戦争を仕掛けられそうという緊急事態ではなく、スパイが現れたという情報を優秀な諜報員がキャッチしたのだ。
しばらく隣国からのちょっかいがないなーと思っていたら、これである。
ちなみに、その情報のキャッチの方法は、隣国から違法入国してきた別のスパイに、首キュッ、などの尋問を加えた事で、本命のスパイの名前は知らないが、情報は吐くから、と吐かせた事による。

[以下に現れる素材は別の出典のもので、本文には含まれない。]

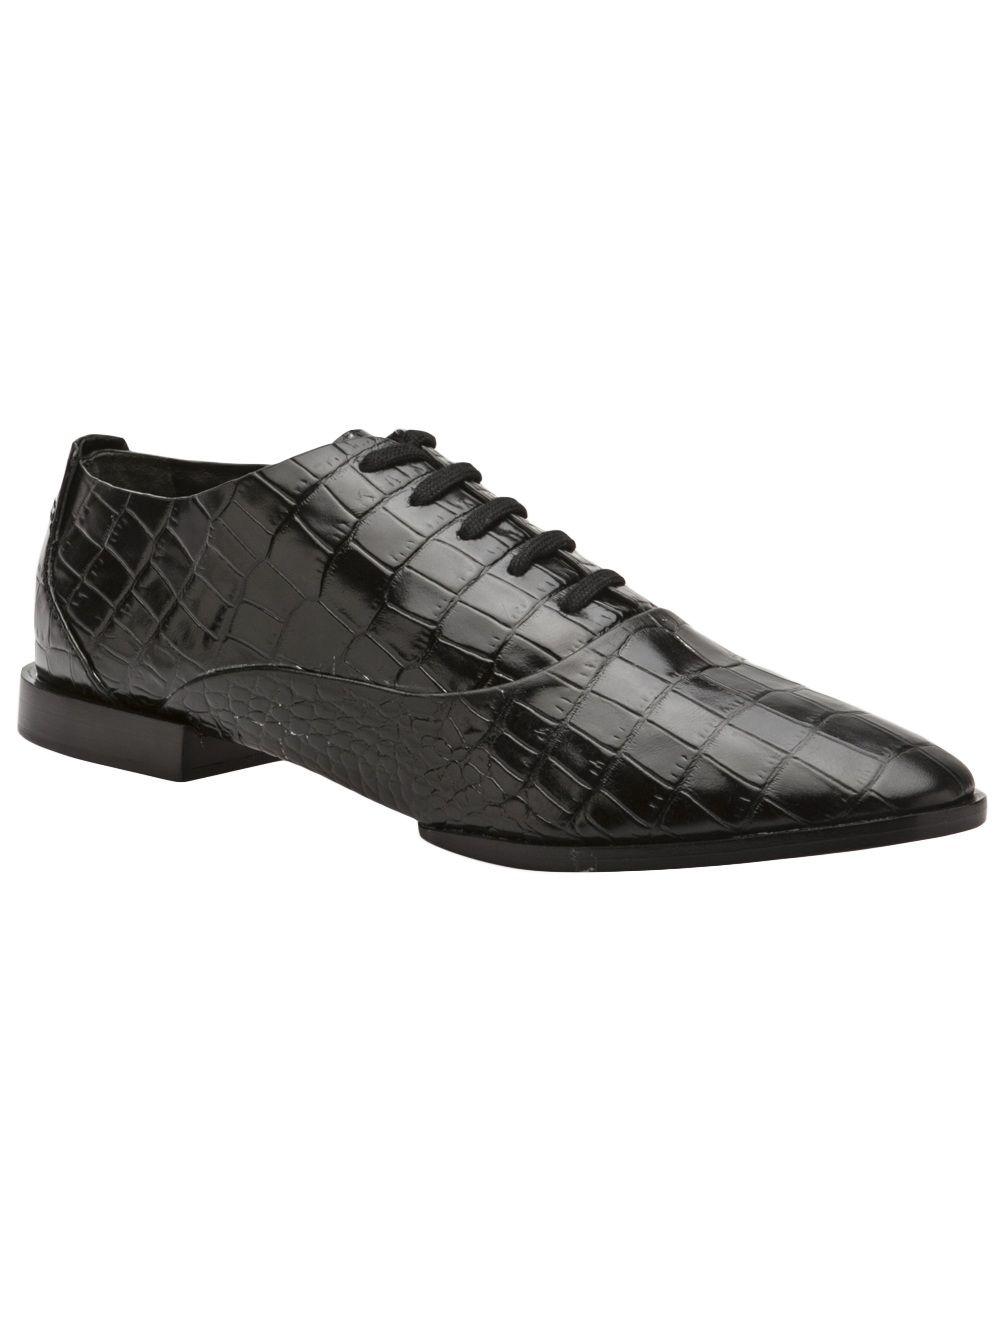 Alexander wang ingrid laceup oxford zoe shoes pinterest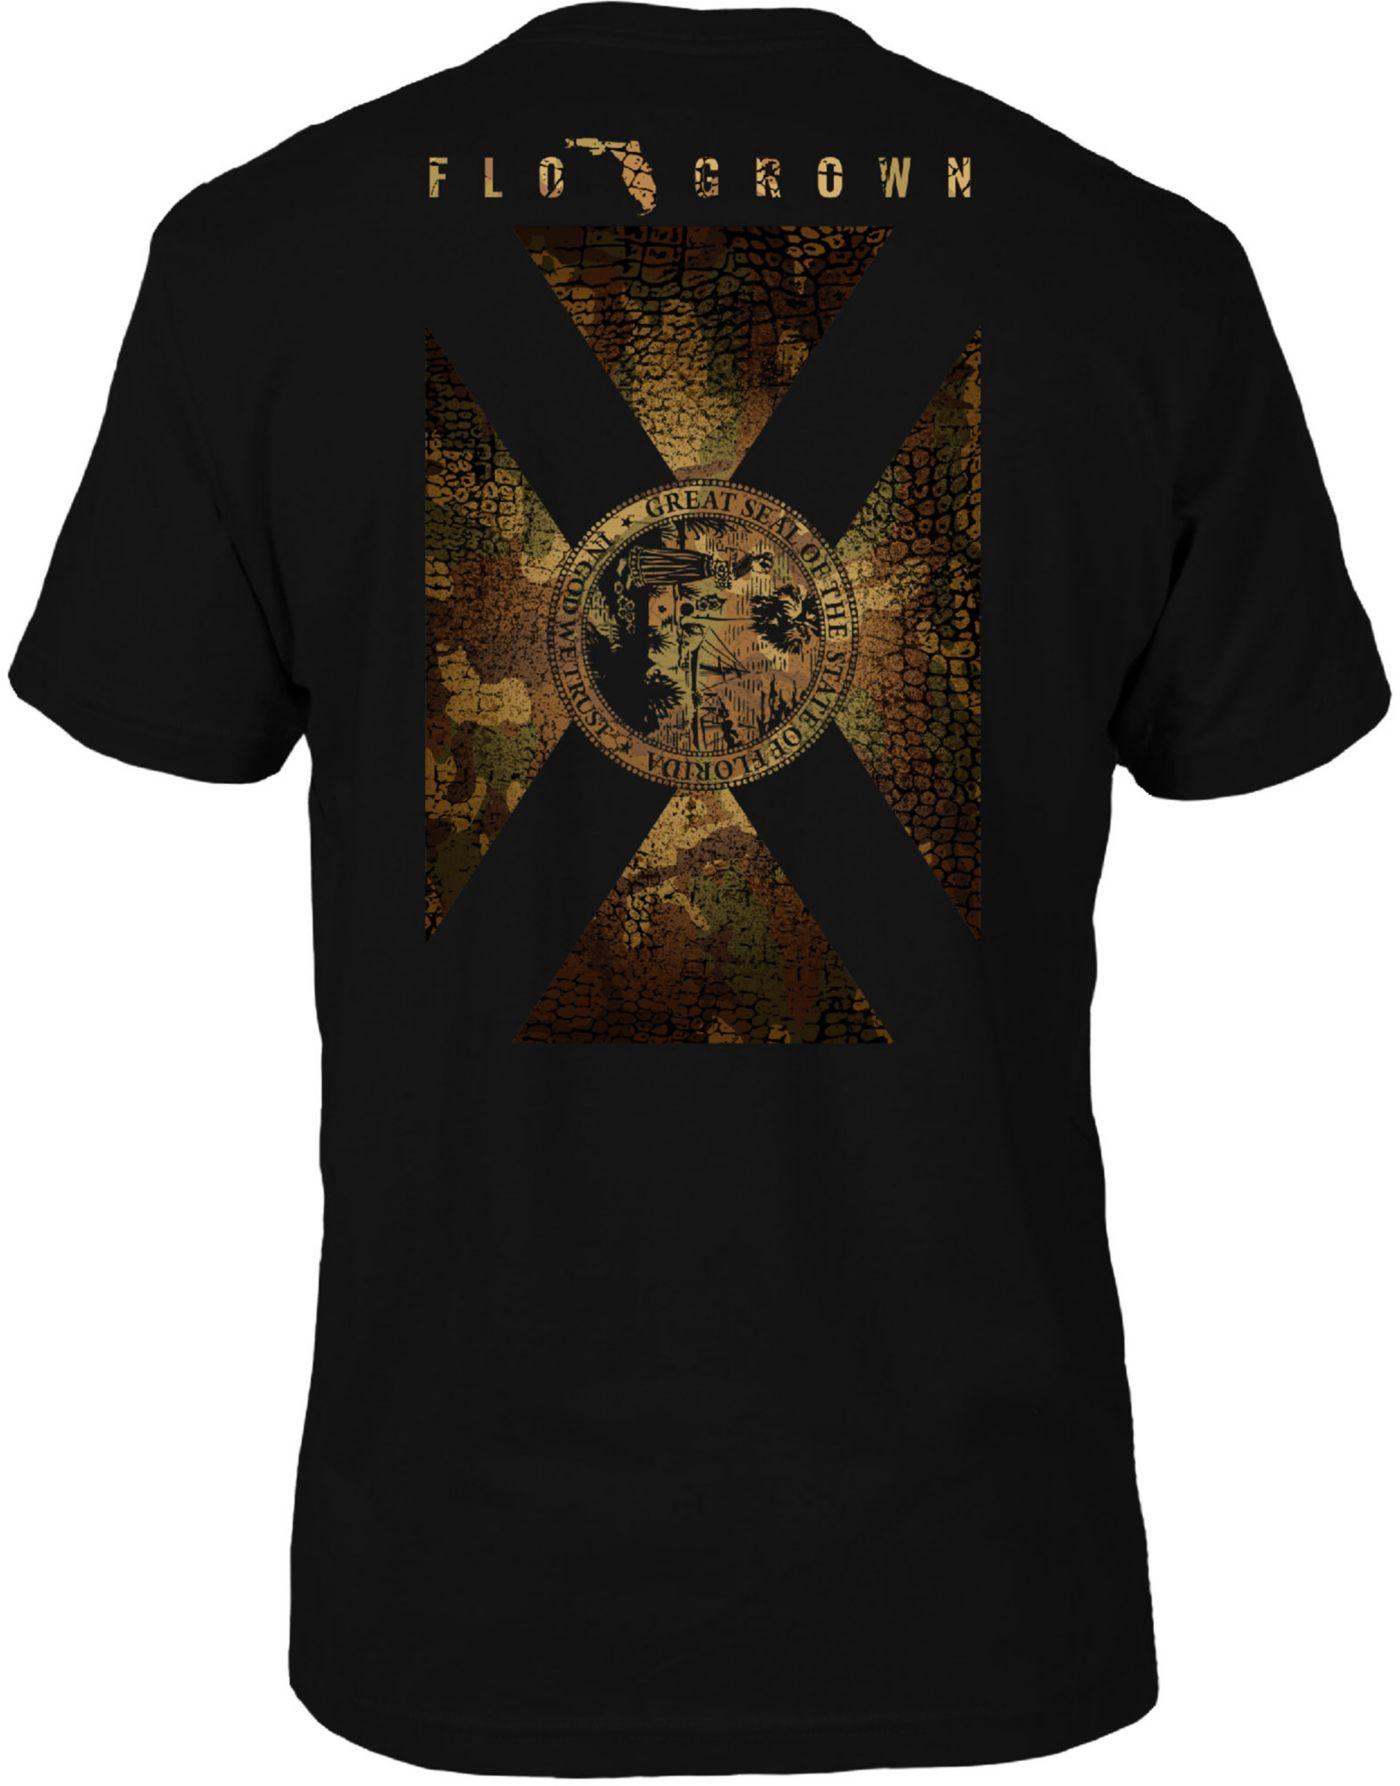 FloGrown Men's Gator Camo Flag Short Sleeve T-Shirt

いわく、そのスパイが与えられた任務は、皇太子をメロメロにし、優秀で有名である皇太子の婚約者を、婚約破棄させることで、皇太子の権威を失墜させ、内部から瓦解させることだという。
余談だが、その話を聞いた、大臣・高官は、
((((いや、アイラとかいう女では?))))
と、実に仲良く心の声が揃ったという。
だが、一概に馬鹿にもしていられない。皇太子妃がスパイなど彼らはごめんであるし、そもそもソフィアと皇太子の仲の良さ、微笑ましさから、その2人のカップリング過激派が存外貴族にも多い。(特に、ソフィアに関しては、格好いい!王子様!と令嬢からの評判が非常に良く、彼女単体のファンも多い)
そのファンに殺されるのはごめん被りたい。優秀な大臣・高官たちは頭を悩ませた。
その時、名案を思いついた、というように、1人の高官が叫んだ。
「ソフィア嬢にも協力してもらい、スパイを捕まえればいいのでは!?」
他の大臣・高官達も叫んだ。
「「「「それだ!」」」」
仲良きことは美しきかな。だから、この国は平和なのかもしれない。